Analog In-Memory Computing (AIMC) offers a promising solution to the von Neumann bottleneck. However, deploying transformer models on AIMC remains challenging due to their inherent need for flexibility and adaptability across diverse tasks. For the benefits of AIMC to be fully realized, weights of static vector-matrix multiplications must be mapped and programmed to analog devices in a weight-stationary manner. This poses two challenges for adapting a base network to hardware and downstream tasks: (i) conventional analog hardware-aware (AHWA) training requires retraining the entire model, and (ii) reprogramming analog devices is both time- and energy-intensive. To address these issues, we propose Analog Hardware-Aware Low-Rank Adaptation (AHWA-LoRA) training, a novel approach for efficiently adapting transformers to AIMC hardware. AHWA-LoRA training keeps the analog weights fixed as meta-weights and introduces lightweight external LoRA modules for both hardware and task adaptation. We validate AHWA-LoRA training on SQuAD v1.1 and the GLUE benchmark, demonstrate its scalability to larger models, and show its effectiveness in instruction tuning and reinforcement learning. We further evaluate a practical deployment scenario that balances AIMC tile latency with digital LoRA processing using optimized pipeline strategies, with RISC-V-based programmable multi-core accelerators. This hybrid architecture achieves efficient transformer inference with only a 4% per-layer overhead compared to a fully AIMC implementation.

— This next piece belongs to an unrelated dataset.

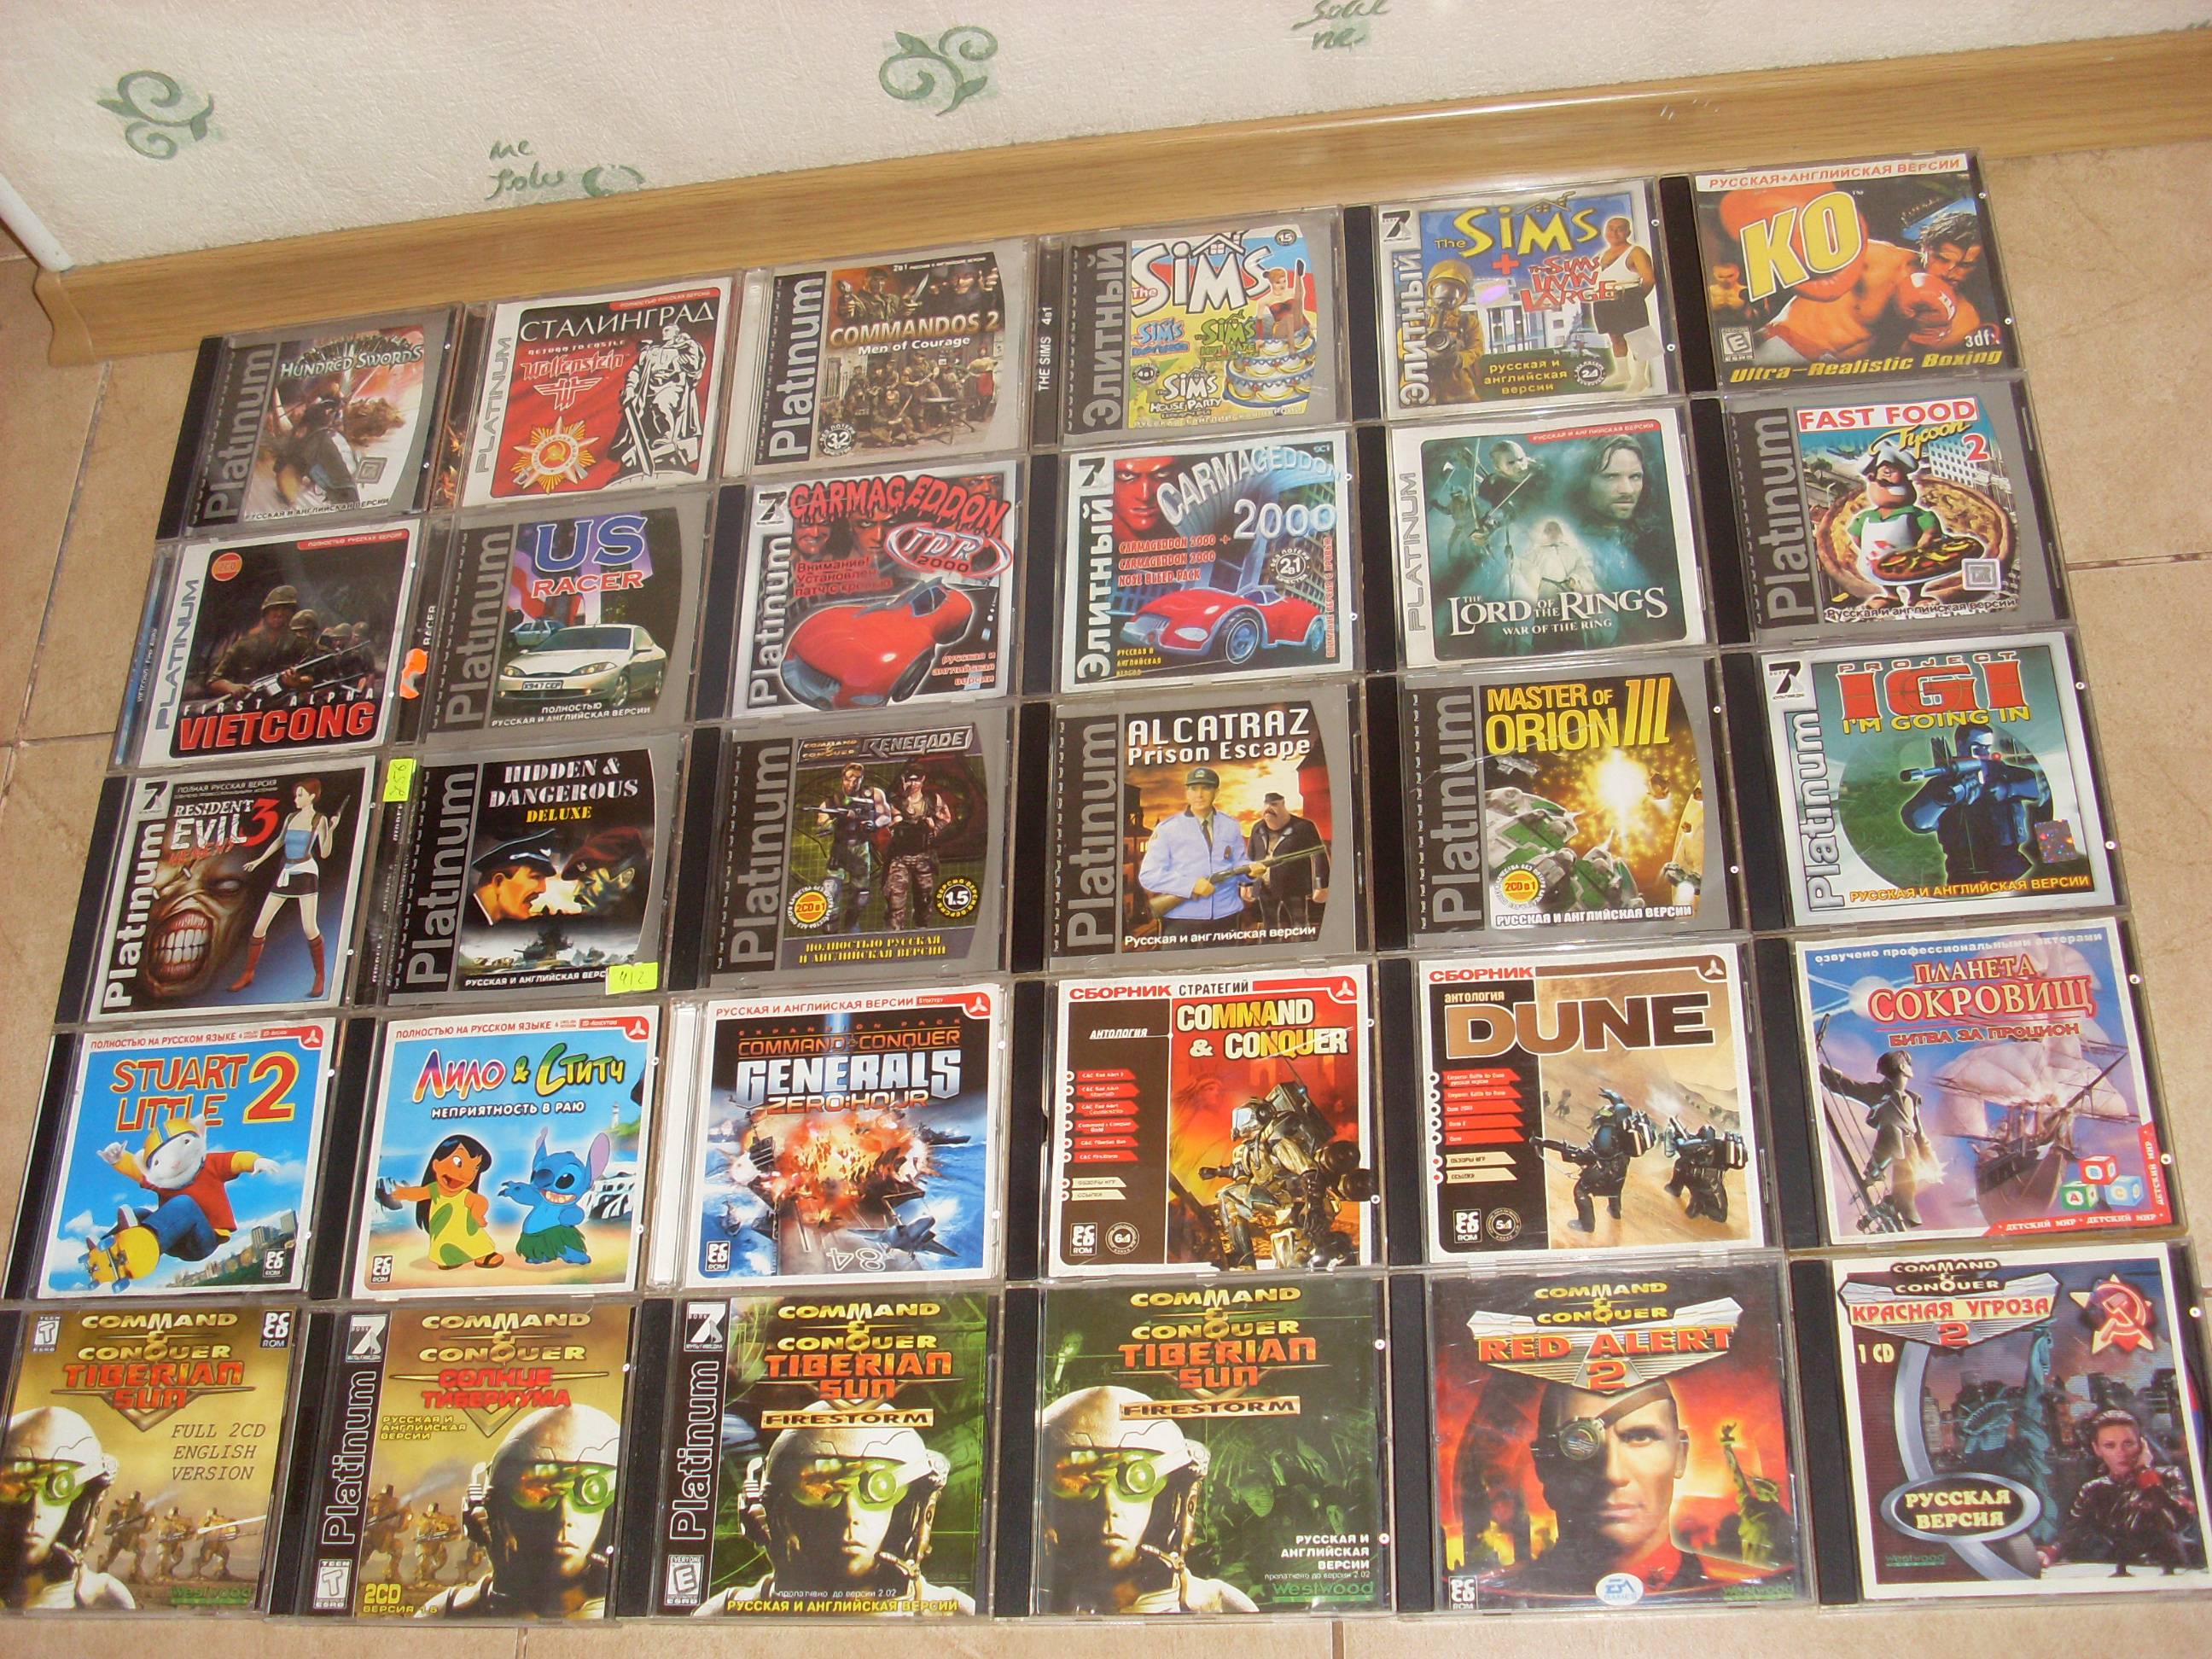 My old games. Коллекция старых игр. Коробки от дисков старых игр.

翻译：模拟内存计算（AIMC）为冯·诺依曼瓶颈提供了有前景的解决方案。然而，由于Transformer模型在不同任务中固有的灵活性和适应性需求，将其部署至AIMC仍面临挑战。为充分利用AIMC的优势，静态向量-矩阵乘法的权重必须以权重静态方式映射并编程至模拟器件中。这给将基础网络适配至硬件及下游任务带来了两个挑战：(i) 传统模拟硬件感知（AHWA）训练需重新训练整个模型；(ii) 重新编程模拟器件既耗时又耗能。为解决这些问题，我们提出模拟硬件感知低秩适配（AHWA-LoRA）训练——一种高效将Transformer适配至AIMC硬件的新方法。AHWA-LoRA训练将模拟权重固定为元权重，并引入轻量级外部LoRA模块用于硬件与任务适配。我们在SQuAD v1.1和GLUE基准测试上验证了AHWA-LoRA训练，证明了其在更大模型上的可扩展性，并展示了其在指令微调与强化学习中的有效性。我们进一步评估了实际部署场景，通过优化的流水线策略平衡AIMC瓦片延迟与数字LoRA处理，并采用基于RISC-V的可编程多核加速器。该混合架构实现了高效的Transformer推理，相比纯AIMC实现，每层开销仅增加4%。